The attending minister gave a typical funeral speech taken out of a book. He had never met my grandfather in life either, and since my grandfather has been suffering from dementia for the past few years, it would have been hard to say much about him if you met him recently anyway. It's been over a decade since I've seen him myself. Unlike my great-aunt, whose memory fills me with warmth, when I remember him I just see a face, a person who didn't particularly care that I existed (nothing personal, he didn't talk to most of the family). He barely stopped by, and only then talked to just my mother. He couldn't even remember who she was, at the end. Even though she was the person who stuck with him until the end.

While his family was (and still, probably is) struggling to not see him as a horrible father, husband, and grandparent, his mind was growing darker and darker. I imagine he must have been very lonely at the end. I don't know what dementia is like, but I would hope that if you are loved, even if you don't remember their names or faces, that you feel loved. I don't know if my grandfather would have felt loved. After all, it wasn't even until he was in a nursing home that anyone even stepped up (my mother and uncle) to take care of him and his estate. Was it too late by then? Too late for him to know some people forgave and loved him?

But I agree with Mary Roach, author of Stiff -- death is not really about the one who has died. It's about everyone else. What matters to those people. And during my grandfather's funeral, I watched my family make decisions to move on, to forgive, to love, and to try harder. I also watched old family feuds play out, and still today I wonder what it will take for them to love each other again. I hope, for all our sakes, that it doesn't turn ugly at the end.

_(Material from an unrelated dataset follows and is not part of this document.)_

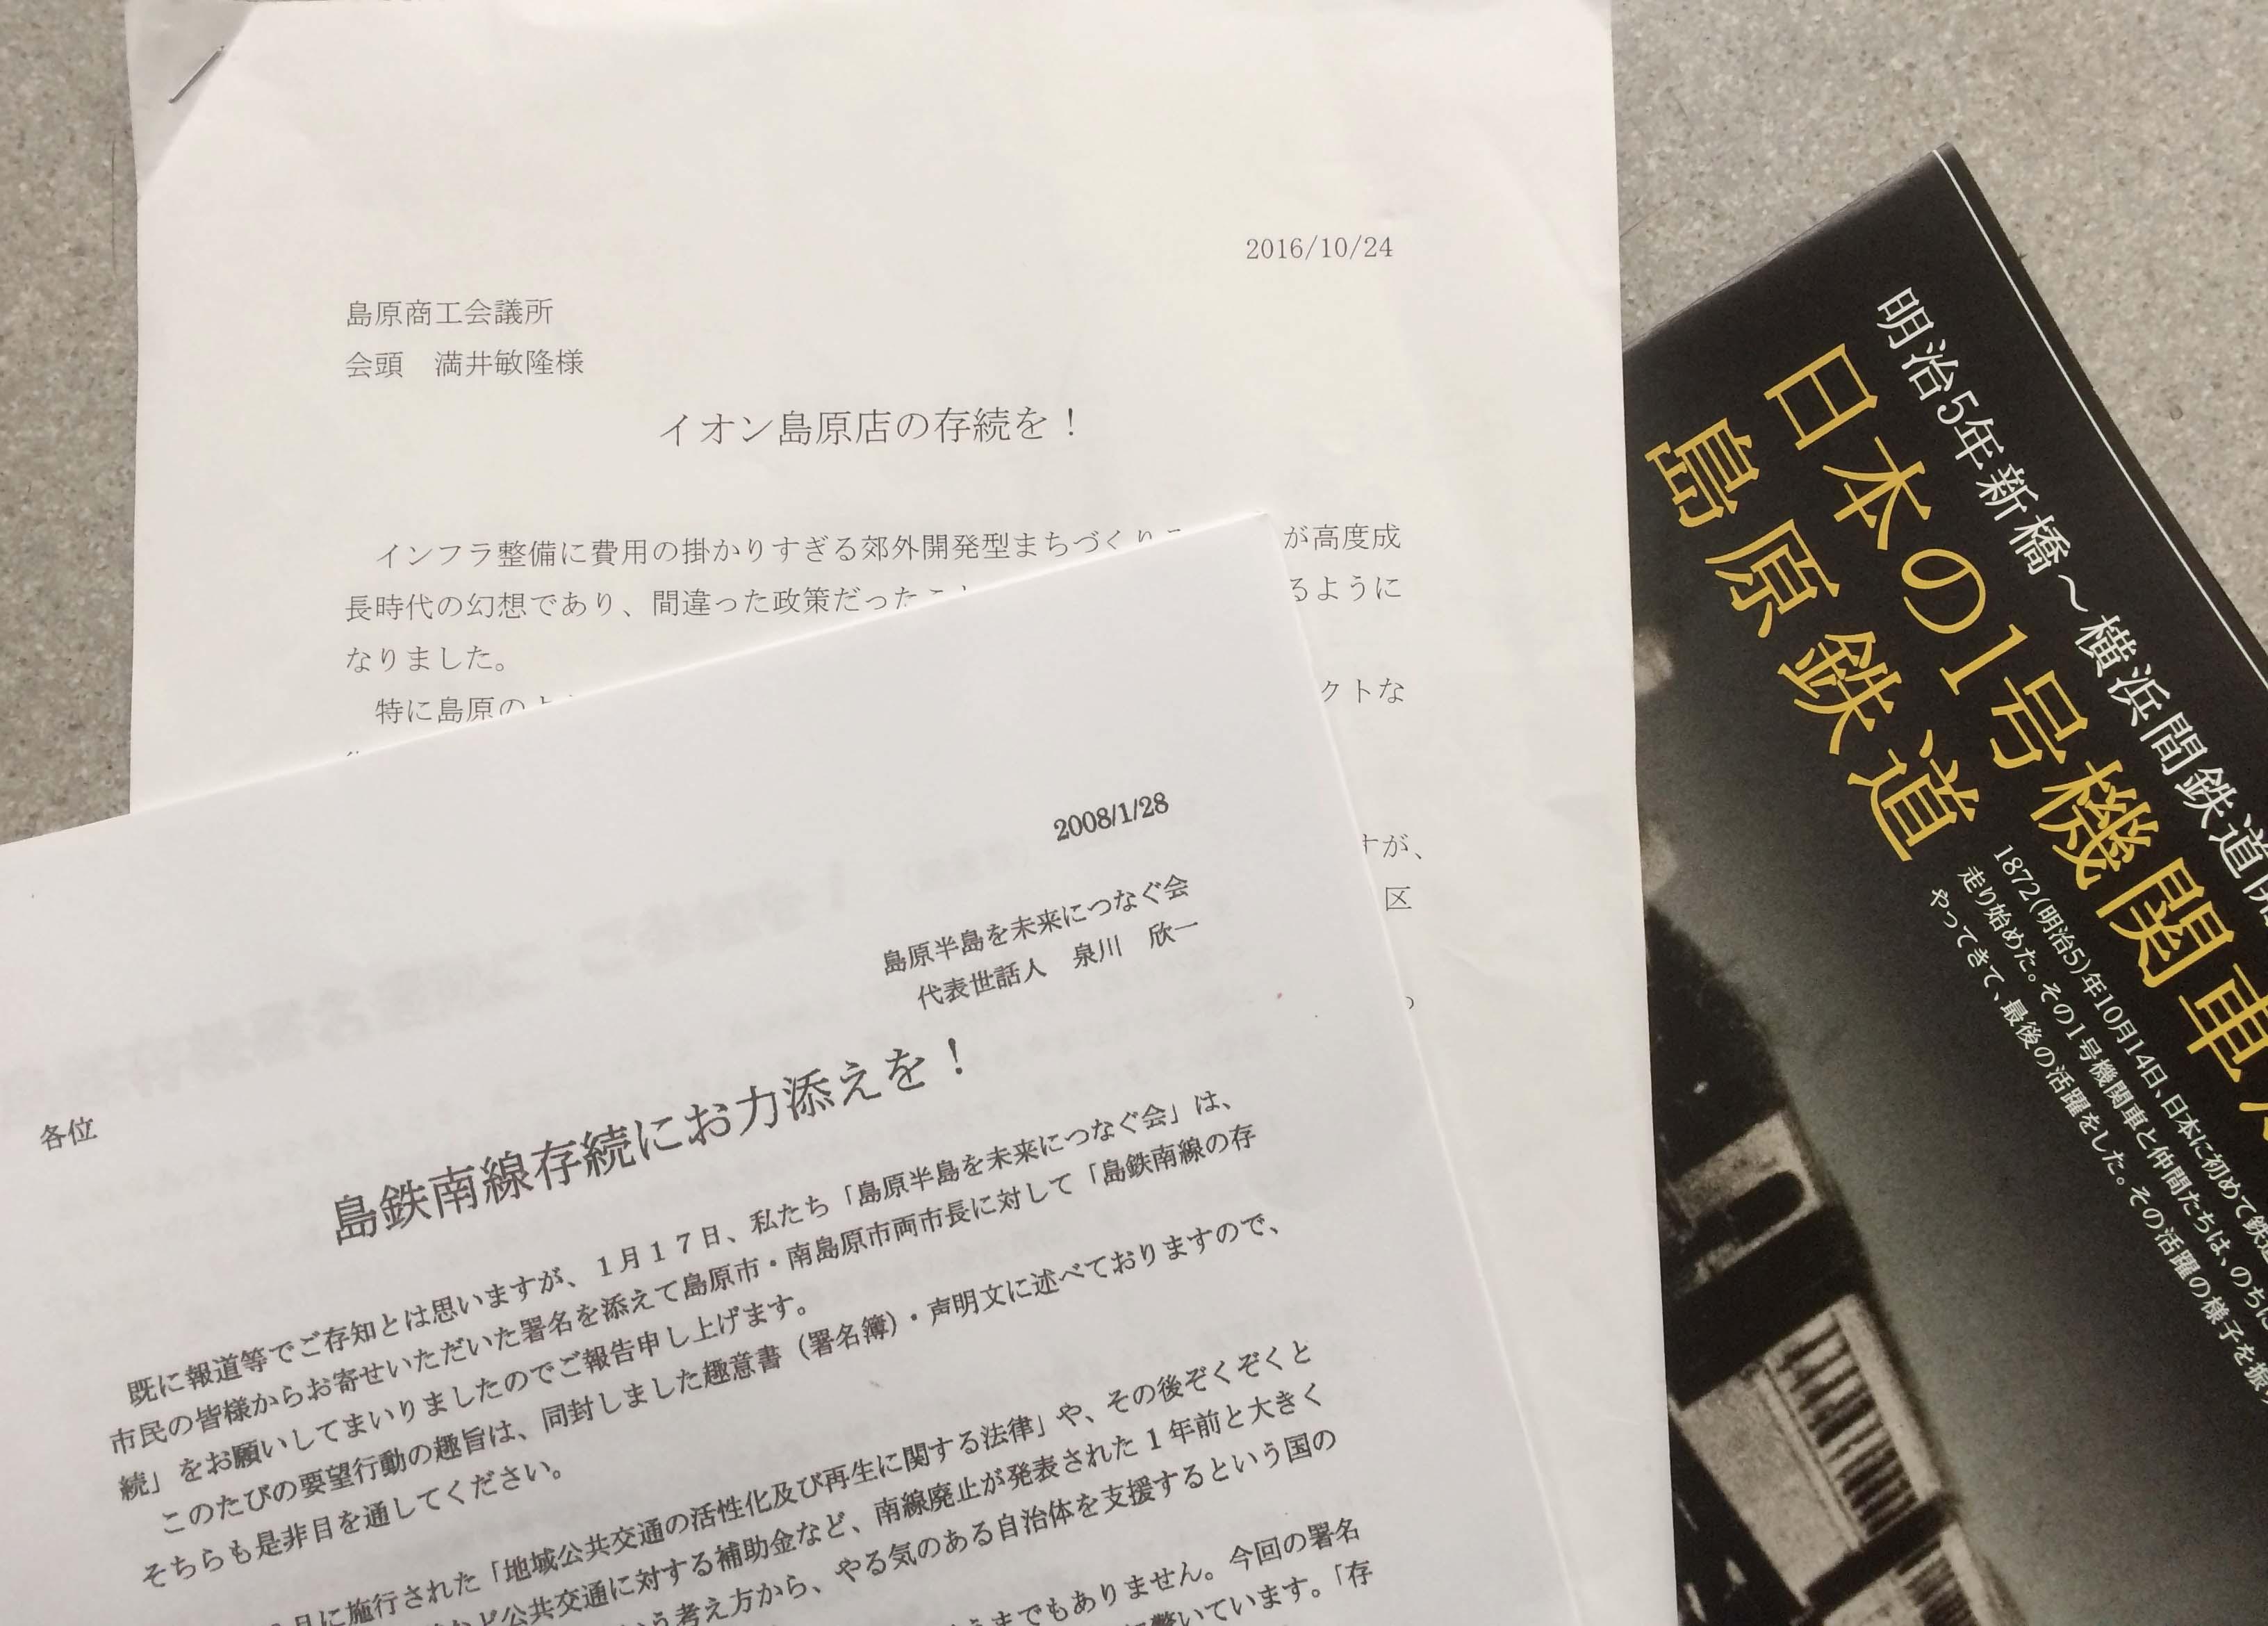 イオン島原店の存続を!_c0052876_19462740.jpg

Before the funeral, and following it at my parent's house, I was able to reconnect with my cousins and some of the relatives I hadn't seen since I was a small child. It was wonderful. And then everyone left, many of them were returning back to their homes that evening, and those out of town were leaving the following morning.

Unfortunately, the next day (Tuesday), my aunt, who was staying with us, suffered a diabetic episode. She hadn't eaten enough the previous night, and her blood sugar was low enough that her brain wasn't functioning properly. She was aggressive and insisted on being allowed to sleep in. My cousin and mother attempted to get her to drink orange juice, but she refused and demanded a beer (which she doesn't even like!) instead. The paramedics were called, and they were able to help the situation. Her blood sugar went back to normal and her brain did too. My mother went to drop my older brother off at the train station (he forgot his tickets so we had to bring them back to him) so he could go home to Illinois. My aunt and her family stayed for an extra day to make sure she was okay.

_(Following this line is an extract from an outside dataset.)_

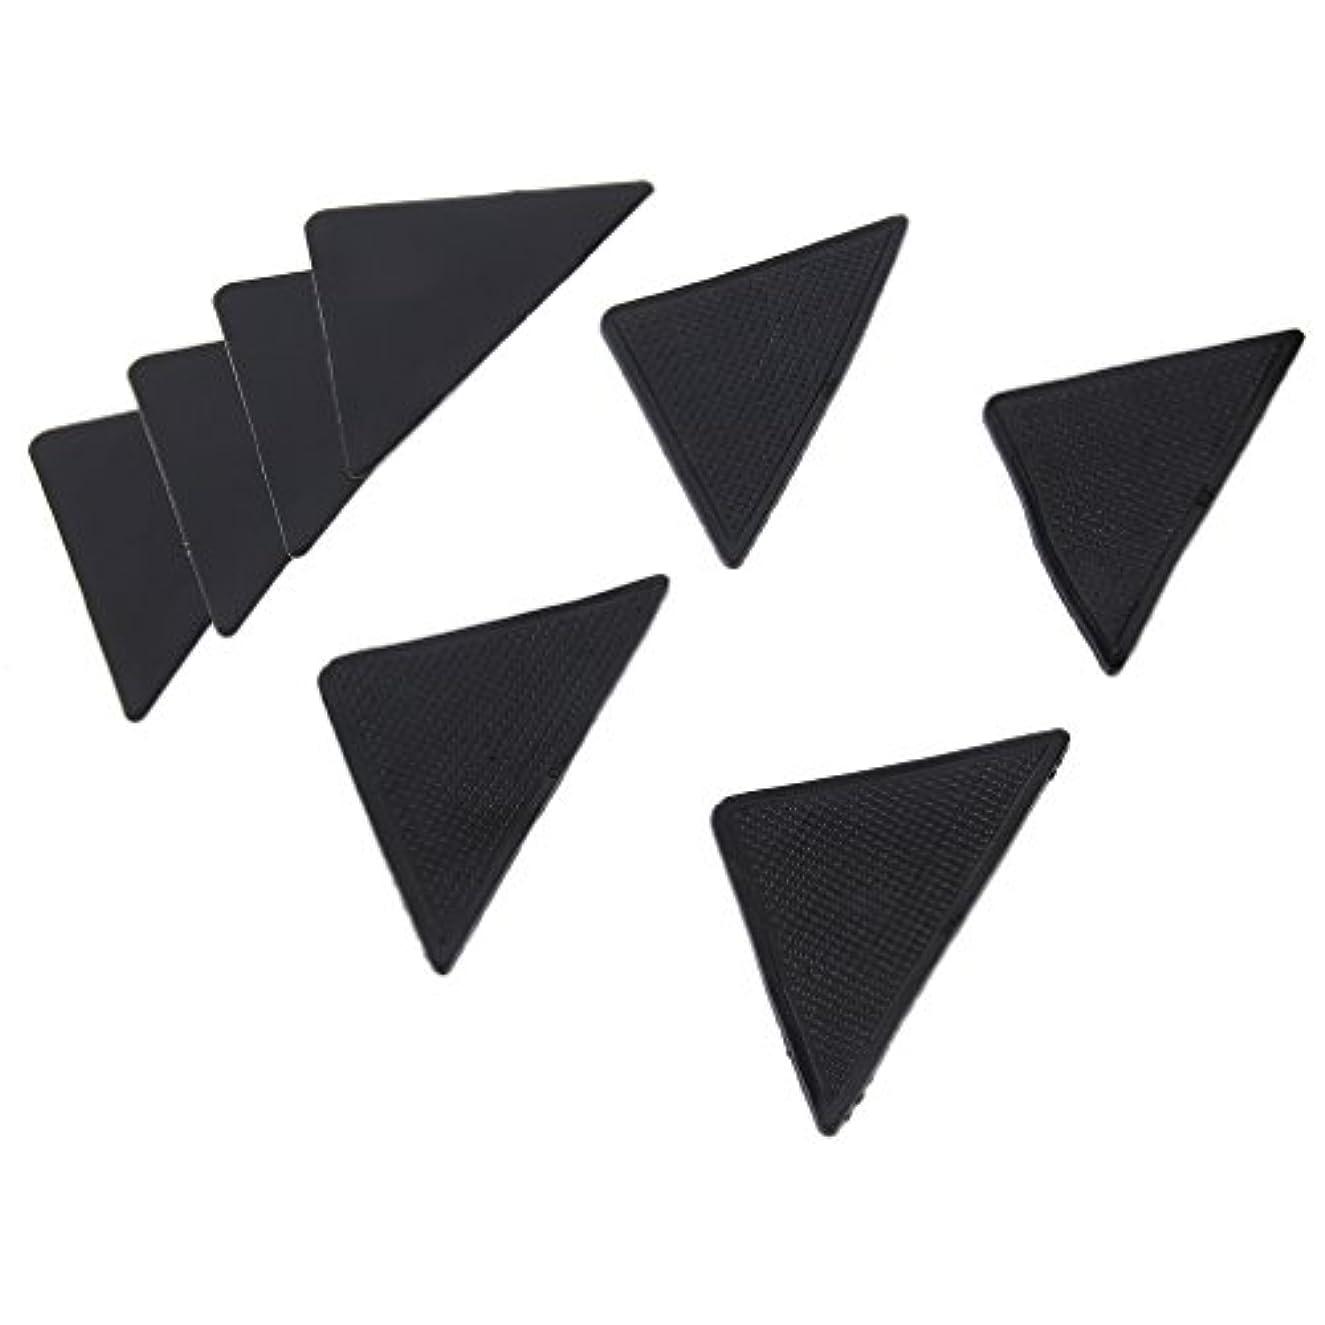 教科書バリアメカニック4 pcs Rug Carpet Mat Grippers Non Slip Anti Skid Reusable Silicone Grip Pads

By Wednesday, life had become more calm, at least for me. My mother and brothers were busy with school and the after-school musical. This was the day I needed to de-stress. After all the pent-up anxiety from everything that was happening in California, my nerves were constantly tense. I felt afraid and nervous. Wednesday, I finally allowed myself to relax.

Sometime in between the day I found out my grandfather was dying, and the day I flew to Michigan, I stopped stressing about the death and began to view this trip as a welcome relief from the crises I had faced in California. I was looking forward to the comfort of home, even though it was not the home I had built in Chicago, I recognized Michigan as a place where I could be surrounded by family I had previously shunned (and now adored) and as a place where I could attain some peace of mind.

I'm not sure if I really found that there or if I ever will. I was certainly filled with sadness, not the kind you'd expect from seeing someone die, but the kind where you wish things had been so much different.

I hope... when I die... I have lived a life that makes people say wonderful things about me. I hope they will not struggle to find good memories. I hope they are sad because I am gone, and not because I was.